Dr. Chambers has taken an interdisciplinary approach to examining developmental, psychological, and social influences on children's pain. Her work as a researcher and clinical psychologist in the area of pediatric pain management and assessment has led to international recognition. Pain, she explains, is a “complex biological and psychological experience that is generally poorly understood by health professionals and the public.” Based in the Centre for Pediatric Pain Research at the IWK Health Centre, Dr. Chambers’ work focuses on how parents and families factor into pain management in children.

“I am deeply honoured to be included amongst this diverse and impressive group of new scholars and leaders from across Canada,” she says.

Passionate about communicating scientific findings, Dr.
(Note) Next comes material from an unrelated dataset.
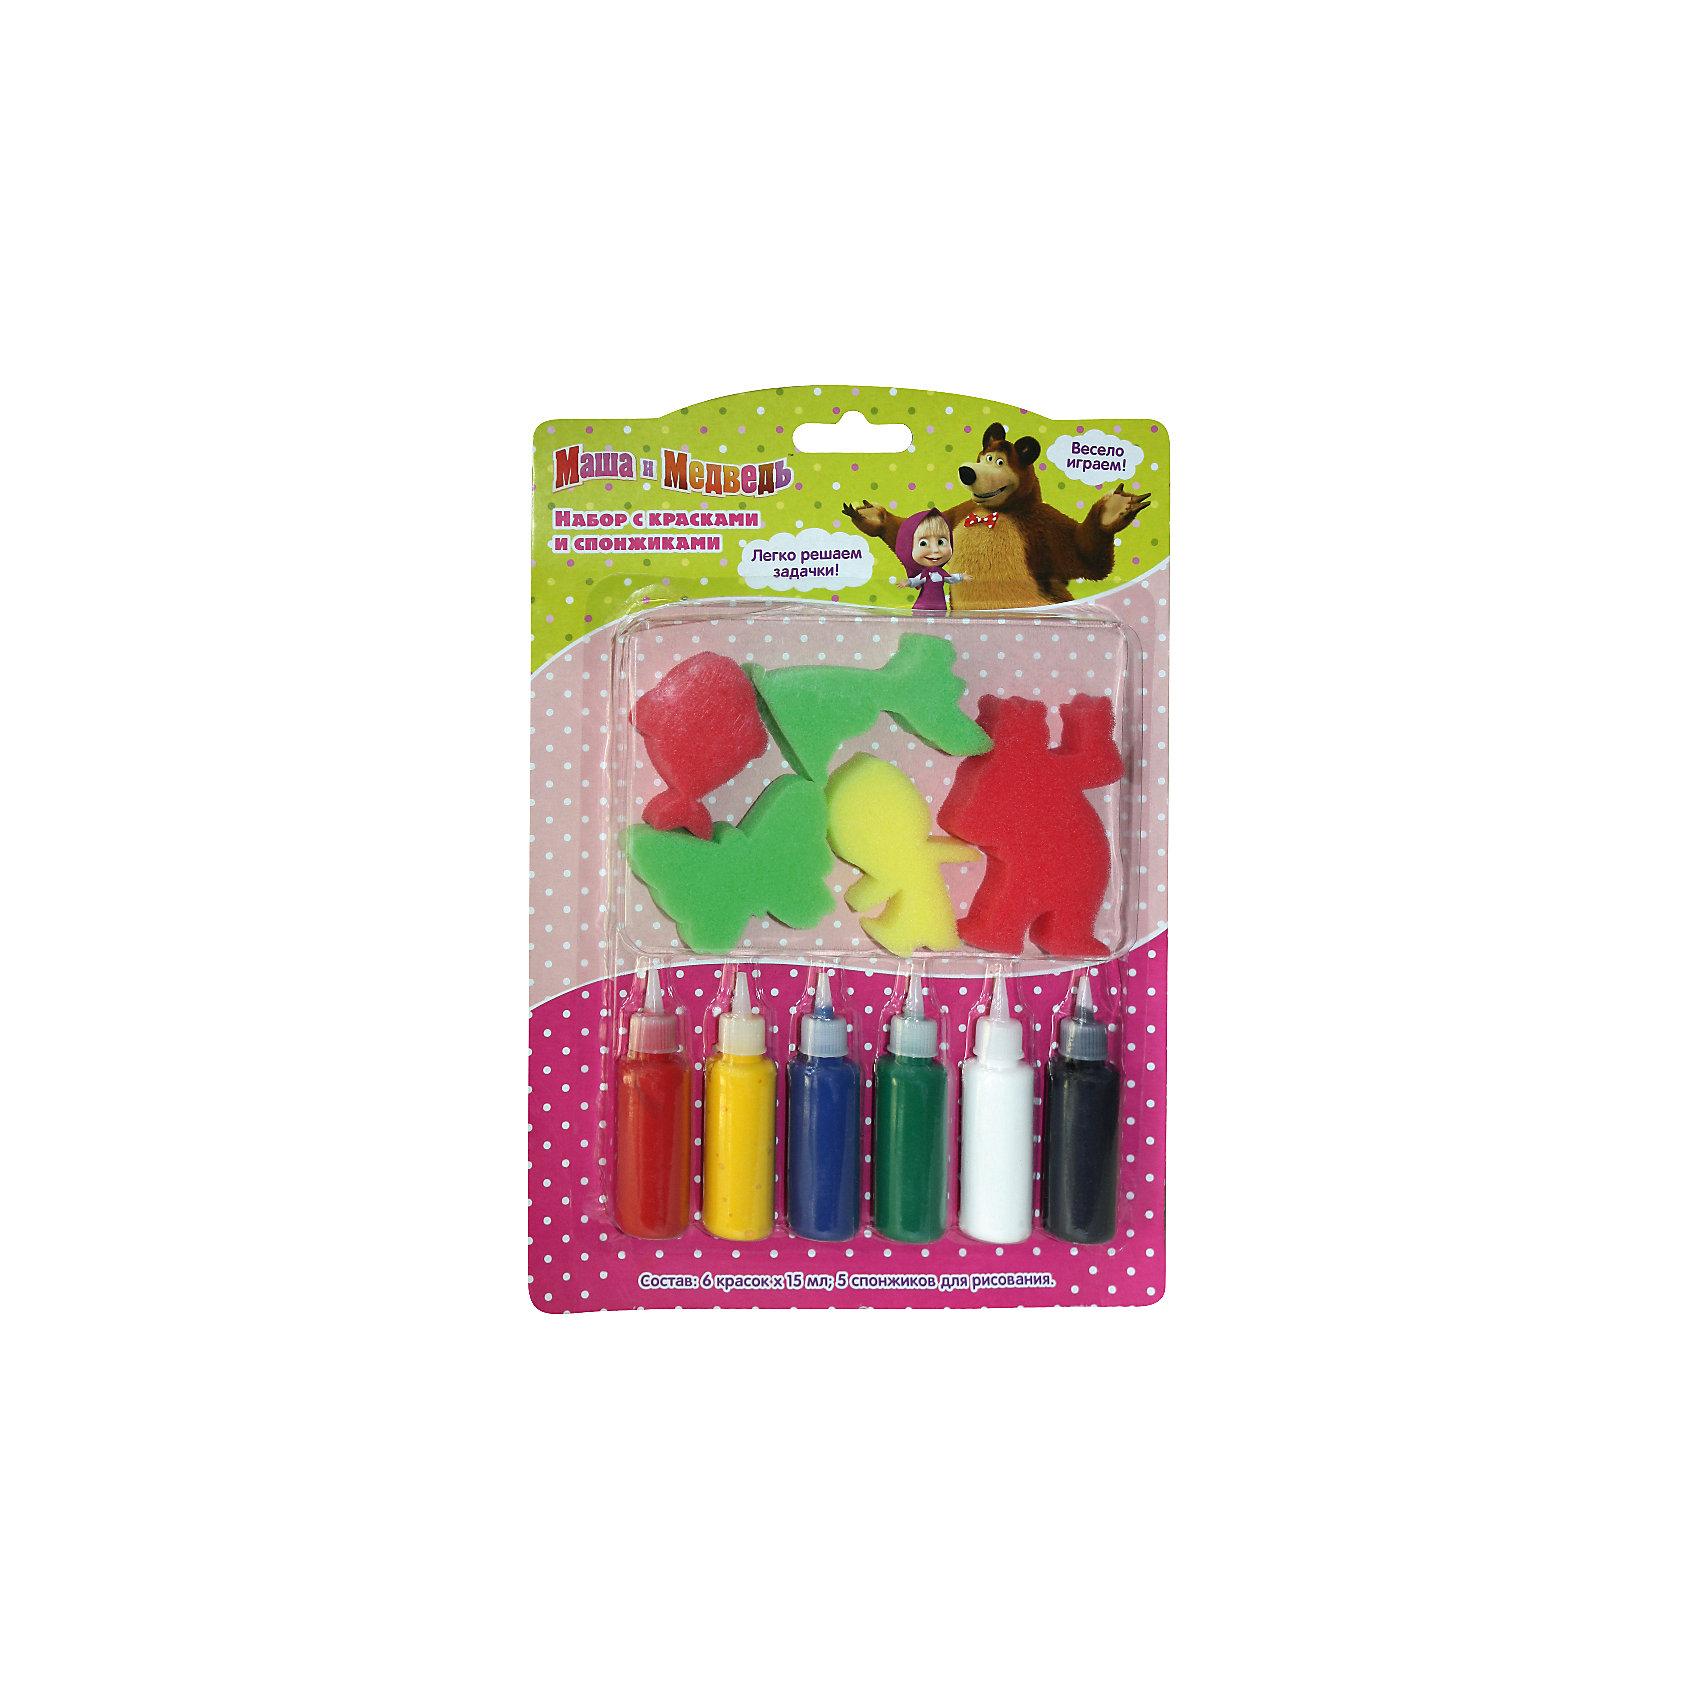 Набор с красками и спонжиками, Маша и МедведьМаша и Медведь<br>Характеристики товара:<br><br>- цвет: разноцветный;<br>- комплектация: 6 цветов гуаши по 15 мл, 5 спонжиков в виде героев мультфильма;<br>- размер упаковки: 27 х 19 см;<br>- упаковка: коробка.<br><br>Этот набор станет отличным подарком для ребенка. Он помогает развить художественные навыки и интересно провести время. В нем есть разноцветные краски и предметы для изображения фона, героев мультфильма и дополнения рисунка деталями. В итоге - яркая оригинальная картинка!<br>Рисование даже в юном возрасте помогает ребенку развивать зрительную память, концентрацию внимания, мелкую моторику и цветовосприятие. Издание произведено из качественных материалов, которые безопасны даже для самых маленьких.<br><br>Набор с красками и спонжиками, Маша и Медведь, от компании Росмэн можно купить в нашем интернет-магазине.<br><br>Ширина мм: 275<br>Глубина мм: 190<br>Высота мм: 17<br>Вес г: 150<br>Возраст от месяцев: 36<br>Возраст до месяцев: 72<br>Пол: Унисекс<br>Возраст: Детский<br>SKU: 5109797

Chambers’ efforts to get pain management information into the hands of parents don’t go unnoticed. The RSC celebrates her as a “tireless advocate who uses social media and other means to provide parents and health professionals the information needed to ensure optimal pain care for children.”

She’s one of five Dal researchers who has completed a Mayday Pain & Society Fellowship, an initiative specifically supporting the communication and awareness building around pain research.  Most recently, Dr. Chambers and collaborators launched a Canada-wide social media campaign called It Doesn’t Have to Hurt.

“We know that it generally takes 17 years for research findings to change patient care,” says Dr. Chambers. “Through the It Doesn’t Have to Hurt initiative, we want to make a more immediate difference in the area of pediatric pain management — for the sake of parents and their kids.”